The Common table expressions, commonly known as CTEs in SQL Server, is a tool that allows users to design and arrange queries. It has faster development, troubleshooting, and performance improvement. Common table expressions are a functional feature in SQL that will enable you to perform multi-step and complex transformations in a single easy-to-read query. Because of their readability and flexibility, CTEs are a useful tool for beginners and experts alike.

CTE in SQL Server provides users with a convenient way to query data faster and make it more readable. It is similar to using SQL commands like temp tables and sub-queries. With CTEs (also called SQL WITH clauses), you have quick troubleshooting options, as you can create multiple statements and run select statements inside the CTE. Read on to find more about BigQuery WITH statements, their syntax, benefits, and tips to write them. 

Table of Contents

Prerequisites

  • Understanding of SQL

Introduction to BigQuery

BigQuery WITH: BigQuery Logo
Image Source

Google’s BigQuery is a cloud-native, enterprise-grade data warehouse that was first launched in 2012. Since its inception, BigQuery has evolved into a more economical and fully managed data warehouse that enables users to run blazing fast, interactive, ad hoc queries on petabyte-scale datasets. In addition, BigQuery now integrates with various Google Cloud Platform (GCP) services and third-party tools, making it more valuable.

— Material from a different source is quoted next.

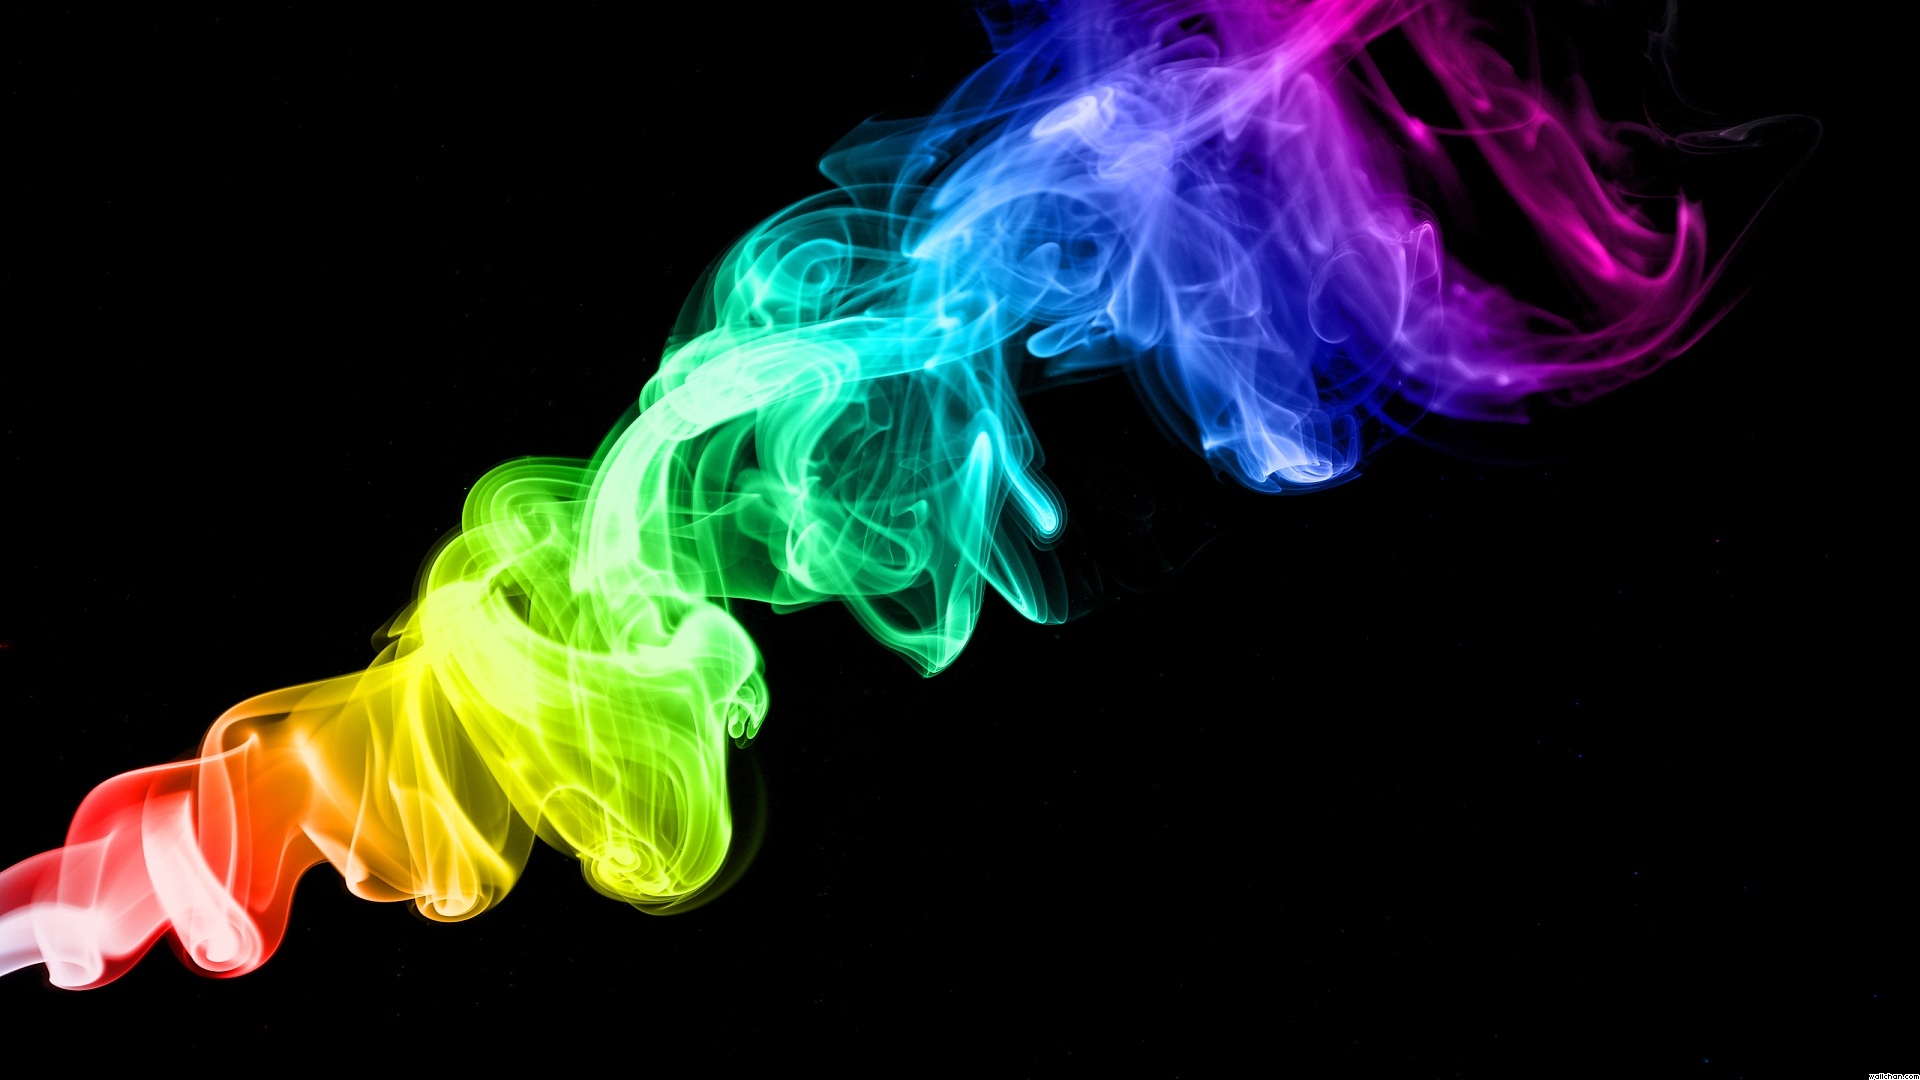 Background Rainbow Smoke Cool Sandbox Colorful Image Wallpaper

Since BigQuery is a serverless platform, there are no servers to manage or database software to install. BigQuery service contains underlying software and infrastructure, including high availability, flexible pricing, and scalability. 

BigQuery exposes a simple client interface where users can run interactive queries if they know little about its underlying architecture. To get started with BigQuery, you must import your data into BigQuery and then write your queries using SQL dialects offered by BigQuery. A good understanding of BigQuery architecture is helpful when implementing various queries, including controlling costs, optimizing query performance, and optimizing storage. 

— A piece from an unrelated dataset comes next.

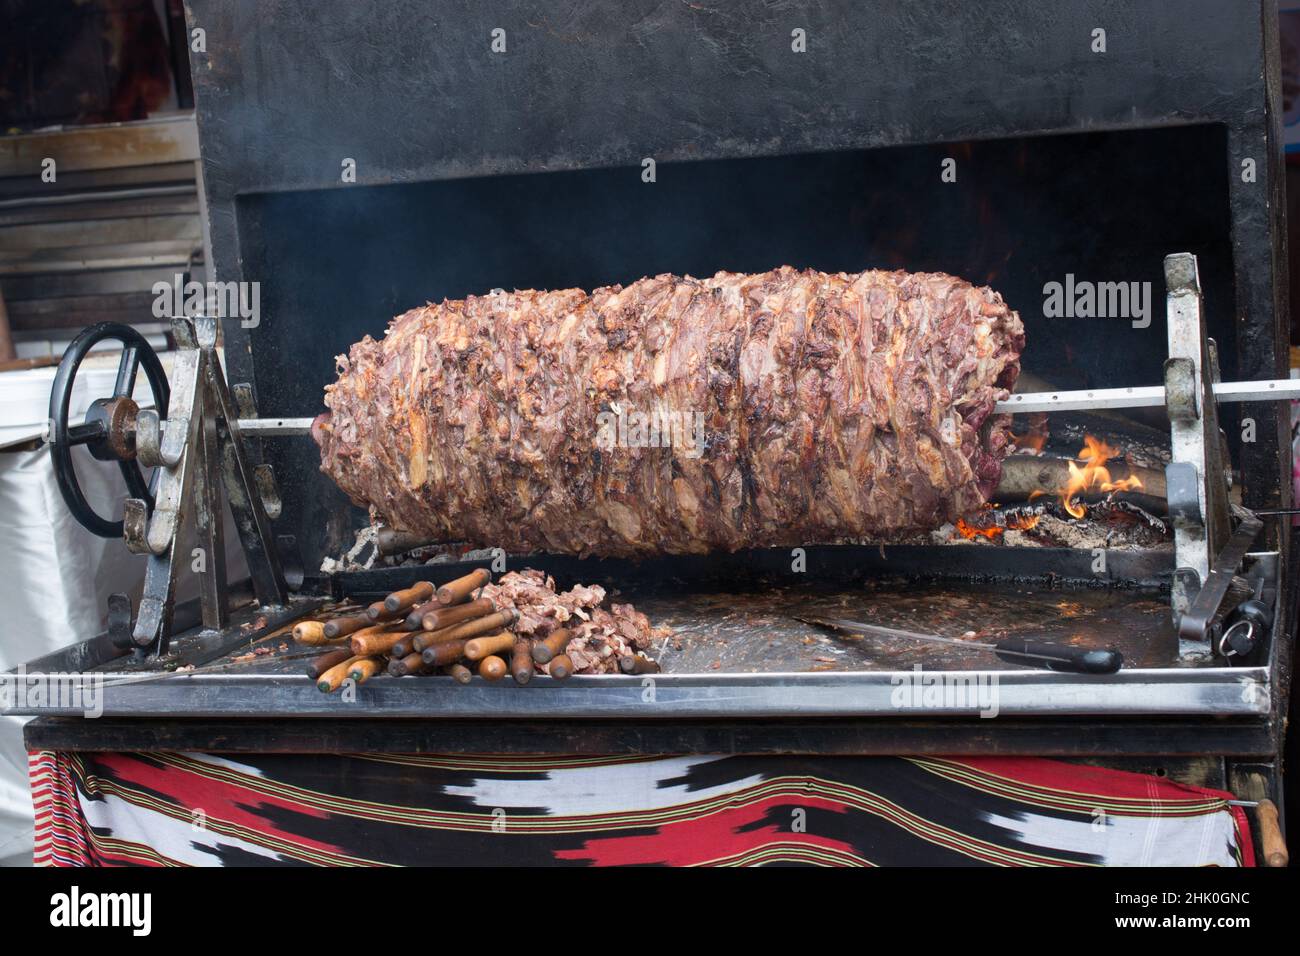 Turkish cag Kebab on pole in horizontal position. Stock Photo

Introduction to Common Table Expressions (CTEs)

A common table expression or CTE was introduced in the fourth SQL revision, SQL:1999. It is a relatively new SQL feature. SQL Server first introduced them in 2005, and then PostgreSQL and MySQL made them available starting with Version 8.4 in 2009 and Version 8.0. in 2018, respectively. 

CTE is a temporary dataset returned by a query, which is then used by another query. It’s temporary because the system does not store the results anywhere; it exists only when you run the query. The Common Table Expressions (CTE) is used in standard SQL to simplify various SQL Query classes for which a derived table was unsuitable. You can reference a CTE within the INSERT, SELECT, UPDATE, CREATE or DELETE statement in SQL. As of SQL Server 2008, you can now add a CTE to the MERGE statement.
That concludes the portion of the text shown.